* [Dataset extract]:
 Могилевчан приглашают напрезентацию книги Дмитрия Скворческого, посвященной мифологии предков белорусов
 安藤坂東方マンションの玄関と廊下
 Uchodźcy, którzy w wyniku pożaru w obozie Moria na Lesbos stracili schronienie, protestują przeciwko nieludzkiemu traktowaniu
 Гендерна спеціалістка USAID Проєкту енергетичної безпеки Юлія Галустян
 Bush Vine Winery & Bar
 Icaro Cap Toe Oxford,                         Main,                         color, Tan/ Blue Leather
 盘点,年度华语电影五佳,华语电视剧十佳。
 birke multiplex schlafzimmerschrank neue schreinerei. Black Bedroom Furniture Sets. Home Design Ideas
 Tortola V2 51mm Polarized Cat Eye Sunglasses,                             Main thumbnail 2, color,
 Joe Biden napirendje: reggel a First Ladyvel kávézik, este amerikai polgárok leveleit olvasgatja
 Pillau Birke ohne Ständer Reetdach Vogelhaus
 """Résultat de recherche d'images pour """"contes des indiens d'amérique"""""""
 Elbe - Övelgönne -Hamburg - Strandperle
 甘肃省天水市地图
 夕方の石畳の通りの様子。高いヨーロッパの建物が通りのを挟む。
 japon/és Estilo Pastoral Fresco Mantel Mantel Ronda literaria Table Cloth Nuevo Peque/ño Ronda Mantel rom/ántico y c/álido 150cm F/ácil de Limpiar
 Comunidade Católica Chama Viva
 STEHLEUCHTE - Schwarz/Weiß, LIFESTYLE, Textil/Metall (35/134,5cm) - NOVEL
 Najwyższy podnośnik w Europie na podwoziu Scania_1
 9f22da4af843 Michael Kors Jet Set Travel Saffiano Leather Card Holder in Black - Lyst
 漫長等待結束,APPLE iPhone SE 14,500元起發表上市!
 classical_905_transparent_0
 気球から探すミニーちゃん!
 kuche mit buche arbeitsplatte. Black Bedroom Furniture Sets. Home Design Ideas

* [Action item]:
Set the data down once more, exactly as it stands.

* [Exercise output]:
 Могилевчан приглашают напрезентацию книги Дмитрия Скворческого, посвященной мифологии предков белорусов
 安藤坂東方マンションの玄関と廊下
 Uchodźcy, którzy w wyniku pożaru w obozie Moria na Lesbos stracili schronienie, protestują przeciwko nieludzkiemu traktowaniu
 Гендерна спеціалістка USAID Проєкту енергетичної безпеки Юлія Галустян
 Bush Vine Winery & Bar
 Icaro Cap Toe Oxford,                         Main,                         color, Tan/ Blue Leather
 盘点,年度华语电影五佳,华语电视剧十佳。
 birke multiplex schlafzimmerschrank neue schreinerei. Black Bedroom Furniture Sets. Home Design Ideas
 Tortola V2 51mm Polarized Cat Eye Sunglasses,                             Main thumbnail 2, color,
 Joe Biden napirendje: reggel a First Ladyvel kávézik, este amerikai polgárok leveleit olvasgatja
 Pillau Birke ohne Ständer Reetdach Vogelhaus
 """Résultat de recherche d'images pour """"contes des indiens d'amérique"""""""
 Elbe - Övelgönne -Hamburg - Strandperle
 甘肃省天水市地图
 夕方の石畳の通りの様子。高いヨーロッパの建物が通りのを挟む。
 japon/és Estilo Pastoral Fresco Mantel Mantel Ronda literaria Table Cloth Nuevo Peque/ño Ronda Mantel rom/ántico y c/álido 150cm F/ácil de Limpiar
 Comunidade Católica Chama Viva
 STEHLEUCHTE - Schwarz/Weiß, LIFESTYLE, Textil/Metall (35/134,5cm) - NOVEL
 Najwyższy podnośnik w Europie na podwoziu Scania_1
 9f22da4af843 Michael Kors Jet Set Travel Saffiano Leather Card Holder in Black - Lyst
 漫長等待結束,APPLE iPhone SE 14,500元起發表上市!
 classical_905_transparent_0
 気球から探すミニーちゃん!
 kuche mit buche arbeitsplatte. Black Bedroom Furniture Sets. Home Design Ideas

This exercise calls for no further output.